Dataset extract below:

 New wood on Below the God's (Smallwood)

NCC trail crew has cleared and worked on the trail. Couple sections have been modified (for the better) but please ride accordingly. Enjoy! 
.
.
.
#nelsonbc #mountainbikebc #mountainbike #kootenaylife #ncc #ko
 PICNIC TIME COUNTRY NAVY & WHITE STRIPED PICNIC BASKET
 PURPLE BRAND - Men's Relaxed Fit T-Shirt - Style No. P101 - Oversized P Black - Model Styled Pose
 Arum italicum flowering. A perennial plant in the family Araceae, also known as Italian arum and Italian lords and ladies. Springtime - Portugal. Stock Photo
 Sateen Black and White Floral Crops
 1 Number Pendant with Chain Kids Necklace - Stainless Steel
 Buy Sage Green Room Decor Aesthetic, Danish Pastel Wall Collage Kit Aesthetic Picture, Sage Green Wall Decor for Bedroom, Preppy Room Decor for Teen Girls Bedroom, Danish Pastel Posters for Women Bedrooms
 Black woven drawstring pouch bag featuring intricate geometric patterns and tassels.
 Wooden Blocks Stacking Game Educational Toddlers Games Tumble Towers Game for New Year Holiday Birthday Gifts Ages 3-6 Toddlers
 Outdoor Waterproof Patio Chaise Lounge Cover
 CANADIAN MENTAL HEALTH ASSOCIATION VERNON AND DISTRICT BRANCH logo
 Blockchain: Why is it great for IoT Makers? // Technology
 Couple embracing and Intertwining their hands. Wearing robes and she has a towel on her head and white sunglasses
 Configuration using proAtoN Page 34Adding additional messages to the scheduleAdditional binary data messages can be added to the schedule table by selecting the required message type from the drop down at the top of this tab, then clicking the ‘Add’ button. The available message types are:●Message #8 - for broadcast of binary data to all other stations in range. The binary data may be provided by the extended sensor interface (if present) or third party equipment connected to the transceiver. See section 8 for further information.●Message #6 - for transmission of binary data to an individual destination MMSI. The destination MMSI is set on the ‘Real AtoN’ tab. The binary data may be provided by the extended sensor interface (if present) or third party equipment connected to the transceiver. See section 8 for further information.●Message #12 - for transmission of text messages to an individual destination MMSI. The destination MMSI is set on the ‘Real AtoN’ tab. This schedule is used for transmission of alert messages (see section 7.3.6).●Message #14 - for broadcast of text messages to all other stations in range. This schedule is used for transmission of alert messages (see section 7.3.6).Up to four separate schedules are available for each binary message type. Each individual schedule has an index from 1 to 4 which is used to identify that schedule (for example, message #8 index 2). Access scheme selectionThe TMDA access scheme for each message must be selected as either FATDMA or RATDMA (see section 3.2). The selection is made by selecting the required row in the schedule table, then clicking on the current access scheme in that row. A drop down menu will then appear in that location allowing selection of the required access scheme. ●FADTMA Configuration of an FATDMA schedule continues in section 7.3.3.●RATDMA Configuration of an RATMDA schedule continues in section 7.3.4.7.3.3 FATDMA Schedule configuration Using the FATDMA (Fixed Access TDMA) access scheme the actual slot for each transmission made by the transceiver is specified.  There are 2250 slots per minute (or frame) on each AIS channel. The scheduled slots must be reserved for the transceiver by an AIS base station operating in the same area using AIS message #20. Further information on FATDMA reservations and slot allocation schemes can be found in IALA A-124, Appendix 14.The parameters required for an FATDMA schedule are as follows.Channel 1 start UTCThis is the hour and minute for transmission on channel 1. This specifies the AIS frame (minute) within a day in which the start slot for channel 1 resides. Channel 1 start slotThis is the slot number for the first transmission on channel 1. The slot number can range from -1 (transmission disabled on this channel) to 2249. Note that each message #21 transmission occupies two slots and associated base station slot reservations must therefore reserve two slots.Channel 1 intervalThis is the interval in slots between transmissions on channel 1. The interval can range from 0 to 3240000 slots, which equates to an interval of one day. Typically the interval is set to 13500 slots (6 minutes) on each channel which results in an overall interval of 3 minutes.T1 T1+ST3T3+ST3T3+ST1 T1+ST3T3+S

End of Dataset extract.

#### Assignment:
Nothing but lines that contain "Couple" should appear in the answer. Copy each from the records.

#### Response to this task:
NCC trail crew has cleared and worked on the trail. Couple sections have been modified (for the better) but please ride accordingly. Enjoy! 
 Couple embracing and Intertwining their hands. Wearing robes and she has a towel on her head and white sunglasses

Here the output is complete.